首の骨を手折る
いつもの美容室で男性スタッフがシャンプーをしてくれた。まだ男の子の面影が残る男性。かれこれ6年も通っているけど男性にシャンプーをしてもらうのは随分久しぶりだったのでなんだか新鮮だった。まず当たり前だけど手のひらが大きい。頭を抱えられたときの接触面積が広い。有り体な表現だけどゴツゴツして骨ばっている。手のひらが私の皮膚に触れる度に皮膚のキメの粗さが分かる。それは少し堅いけれど丁寧なシャンプーで彼が今年の新卒だというのが手のひらを通して伝わってきた。
昔とてもすきだった創作小説を書いていた人がいた。
「男ってその気になれば女の首を折れるくらいの力があるのに、その腕で女がこんなに優しく気持ちよくなるように触れるなんて可笑しいけど素敵なことよね」
彼女の小説にあった一文。果たしてこれが事実がどうかは分からないけど、とても鮮烈に残っている。 その所為か、私は男性が触れてくる度に「この人が少し力を込めれば私の首は簡単に折れてしまう」と思わずにいられなくなった。今の所、恐怖を感じるような触れ方をされたことはないので問題はないが、未だにふとした瞬間によく思い出す(因みに当時私は17か18歳だったので、この文章を書いていた2つ下の彼女は中学生だった可能性がある)。
よくある話だが、私は子供の頃大抵の男の子より身長も高かった。特段ではないけれど大抵の男の子より速く走れた。先生に誘われるがままに始めた水泳と陸上競技は、背泳ぎは同学年では一番速かったしハードルも高飛びも彼らよりは高く跳べた。良くも悪くも生来プライドが高いくない性格なのでそれをあまり誇らしく思ったことはないけど私の立ち位置はここなんだな、と子どもながらになんとなく思っていた。
よくある話は続く。子どもは次第に少年と少女になり男性と女性になっていく。
私の地元はド田舎の1クラス学年なので出席番号順で並ぶ隣の男の子は6年間同じだった。彼も背の高い子だったけど、どんぐりの背比べで1年の節目でしか隣にならない私たちは出席番号で整列させられる度にどちらの身長が高いかで戯れたりもした。
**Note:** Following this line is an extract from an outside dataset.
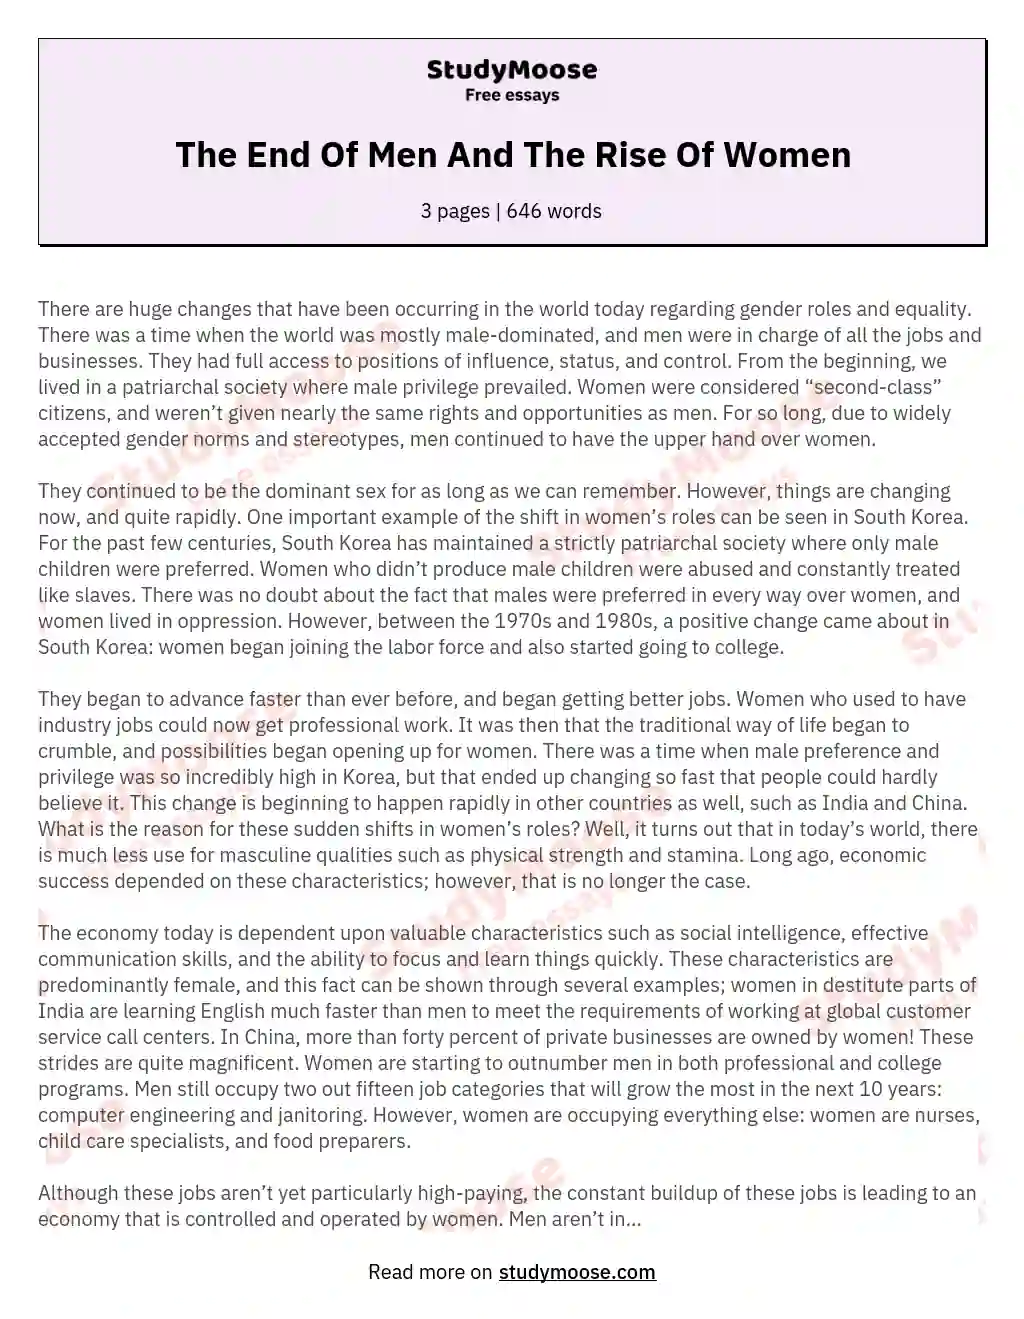 The End Of Men And The Rise Of Women essay

そして小学校の卒業式の練習の、普段は背の順で並んでいる列を出席番号で並ばされた時。ふと、隣に影を感じて左を見ると私の頭半分ほど視線の高くなった彼がいた。彼を見上げなければならなくなった私に彼は何も言ってこなかった。ほぼ丸6年間、背比べで戯れていたのに卒業間際になって身長の話はされなかった。彼にとって私の身長を抜くことはごく自然なことで話題にする程でもなかったのかもしれないし、もしかしたら密かに優越を感じていたのかもしれない。ただ身長が抜かされた事実に対して私はショックよりも「男の子はそういうものなんだろうな」とさっぱりした気持ちで彼を見ていた。その時はここ数ヶ月の身体測定の値を見て、自分の身長がもう昔のようぐんぐんとのびないことを悟っていたので。
それが切っ掛けか、はたまた原因かは定かでないけど、たぶん私は男性に対してなんとなく諦めのようなものを持っているんだと思う。とよう足掻こうにも「敵わないな」という根強い思いがある。
だから、彼女のあの文章が今でも鮮明に残っているんだろう。それは別に同じベットにいる男女には限らない。例えば仕事という枠で括っても日常的に否応なしに人の身体に触れるシーンなんてたくさんある。彼のような美容師、介護士と看護師、医者。スタイリストにデザイナー、スポーツインストラクター。今はこれくらいしか思いつかないけれど、きっと他にも男性が女性に触れる機会なんてたくさんあるのだ。そんなシーンなんて珍しくもなんともない。けれどその腕が女性の首を簡単に折ってしまうと思い込んでいる私にとっては、男性がその腕で女性に優しく触れているという事実に妙に感動してしまうのだ。